> **RECORDS SUPPLIED**:
• • • • • • •

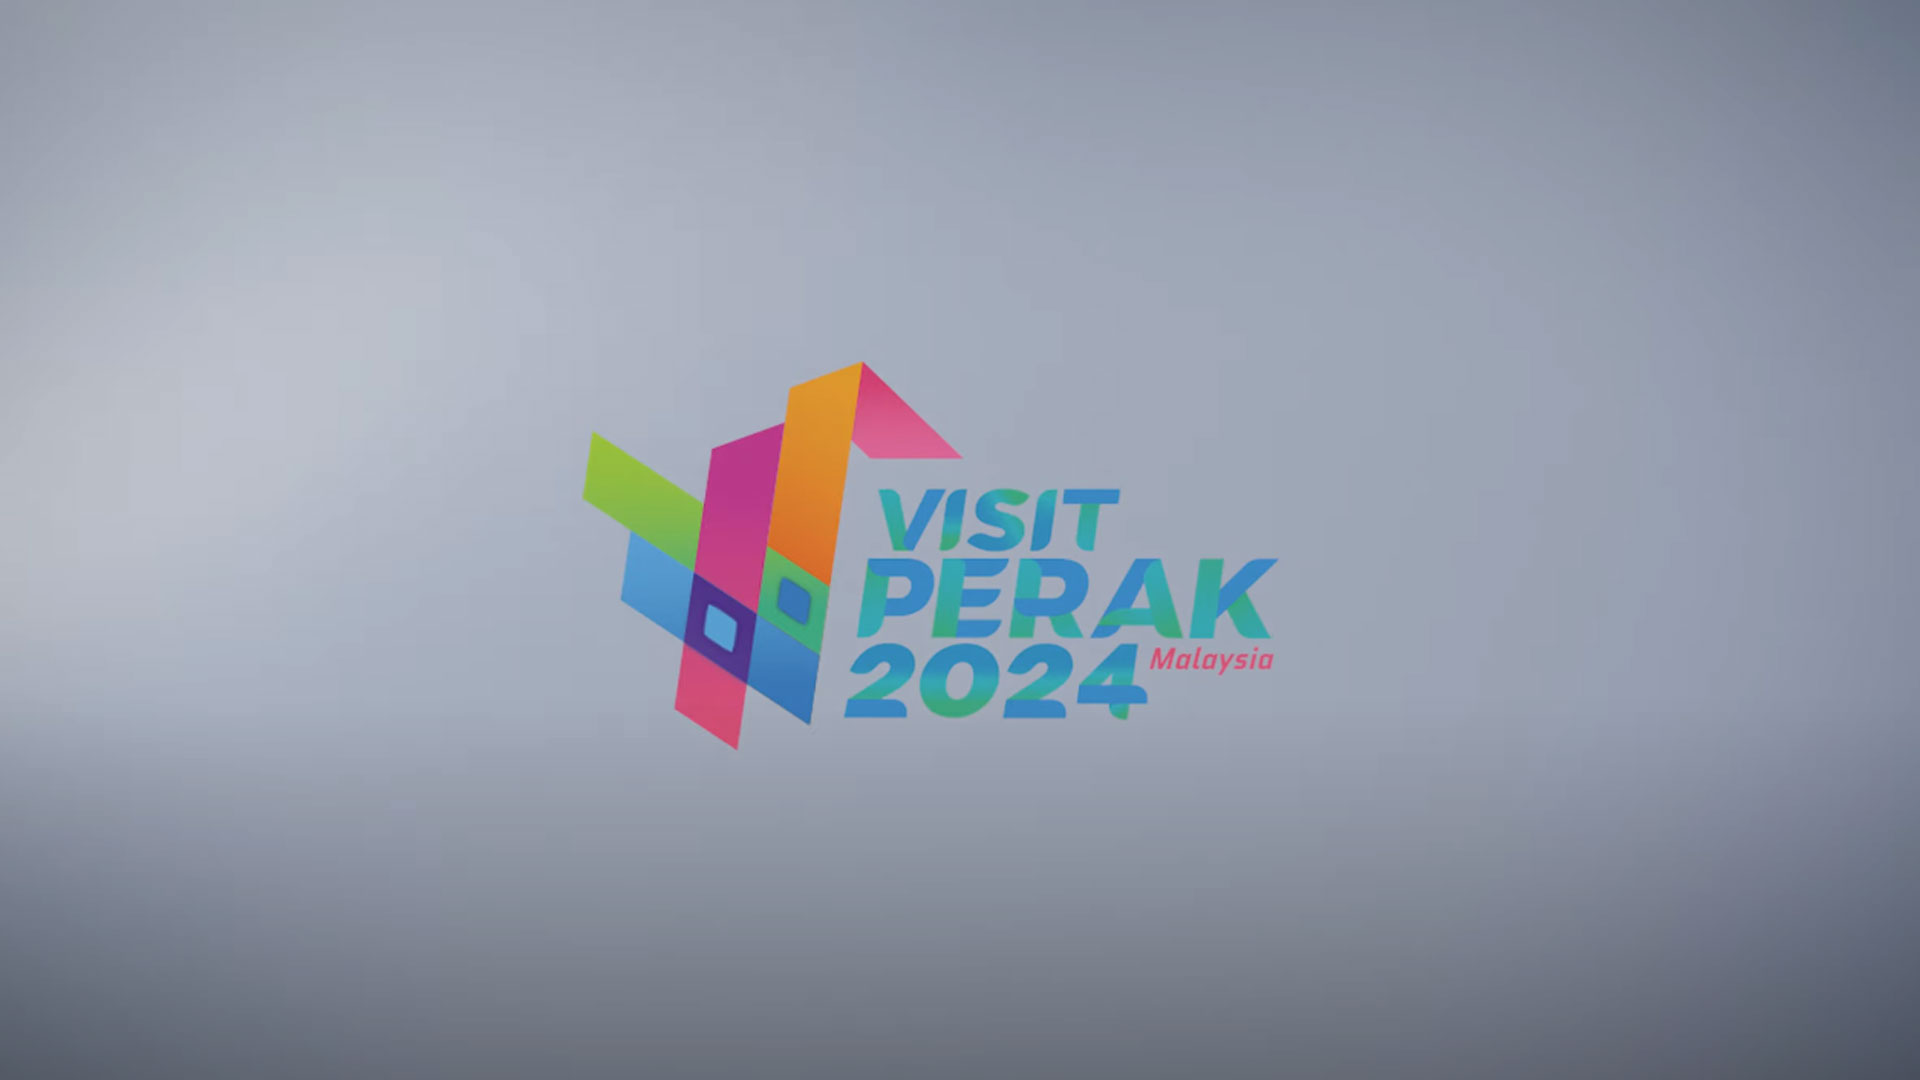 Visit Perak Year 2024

• • • • • • •

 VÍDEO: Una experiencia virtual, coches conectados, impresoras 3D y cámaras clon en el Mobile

• • • • • • •

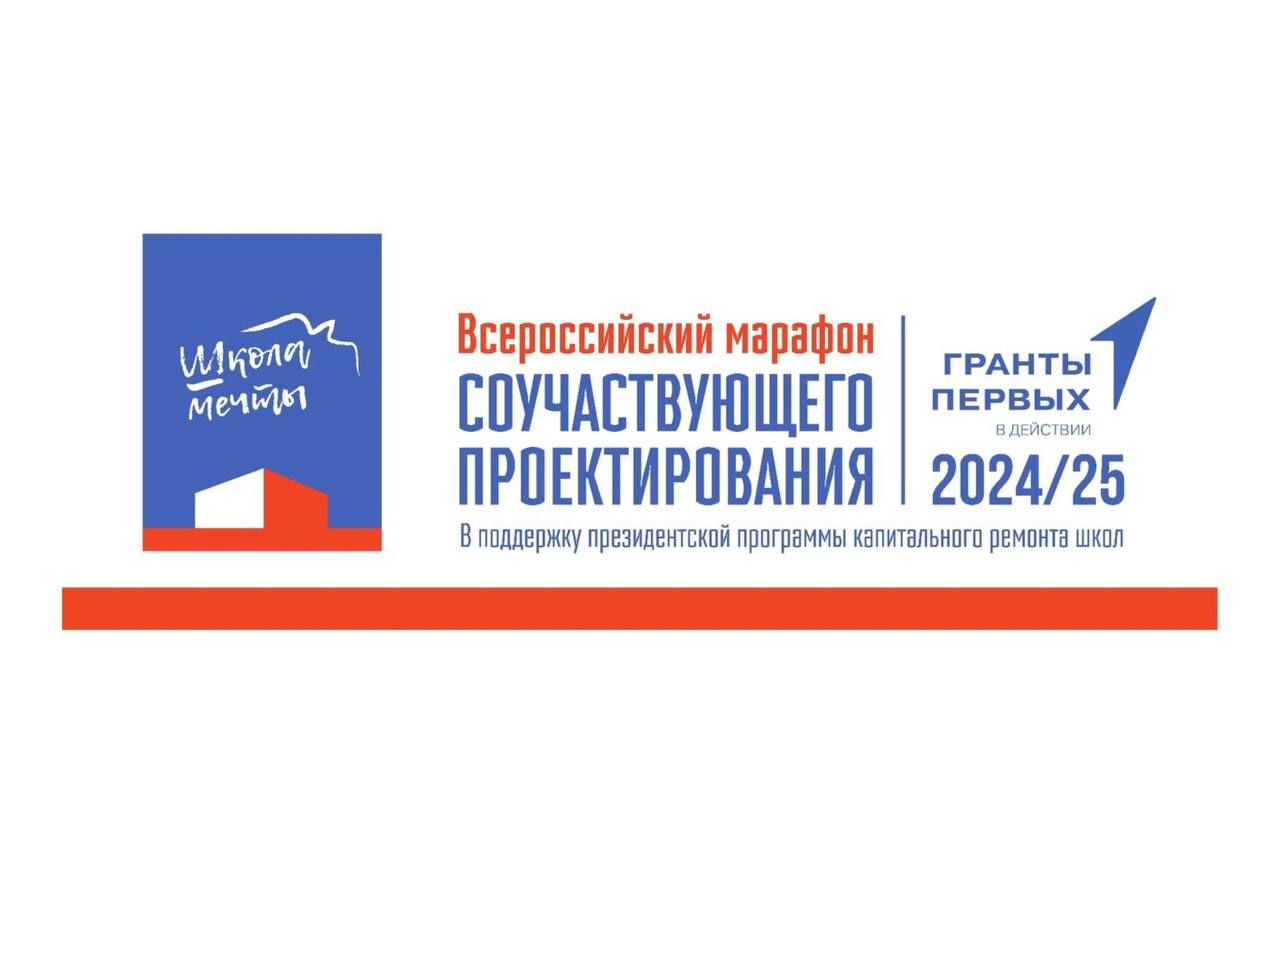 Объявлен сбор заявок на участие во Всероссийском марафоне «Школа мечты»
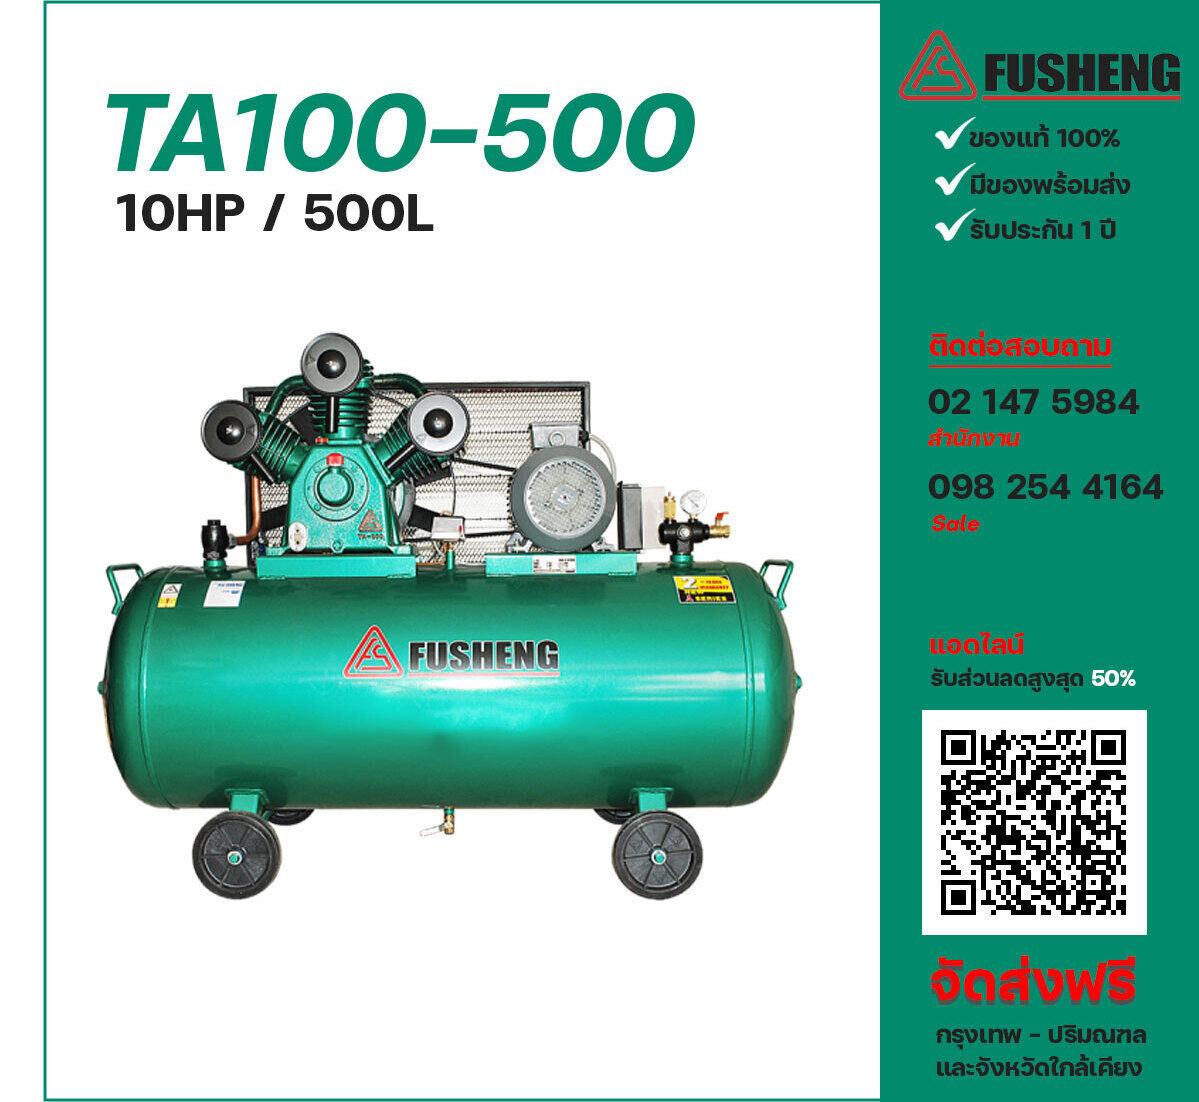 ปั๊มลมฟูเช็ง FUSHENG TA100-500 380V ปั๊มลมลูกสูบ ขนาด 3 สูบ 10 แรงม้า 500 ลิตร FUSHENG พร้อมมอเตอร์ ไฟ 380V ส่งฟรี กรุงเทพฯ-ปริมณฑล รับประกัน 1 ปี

• • • • • • •

> **WHAT THIS TASK INVOLVES**:
Copy everything above from the line holding "Объявлен сбор заявок" down to the line holding "ปั๊มลมฟูเช็ง FUSHENG TA100-500", both ends included, exactly as it stands and without the pictures.

> **SOLUTION**:
 Объявлен сбор заявок на участие во Всероссийском марафоне «Школа мечты»
 ปั๊มลมฟูเช็ง FUSHENG TA100-500 380V ปั๊มลมลูกสูบ ขนาด 3 สูบ 10 แรงม้า 500 ลิตร FUSHENG พร้อมมอเตอร์ ไฟ 380V ส่งฟรี กรุงเทพฯ-ปริมณฑล รับประกัน 1 ปี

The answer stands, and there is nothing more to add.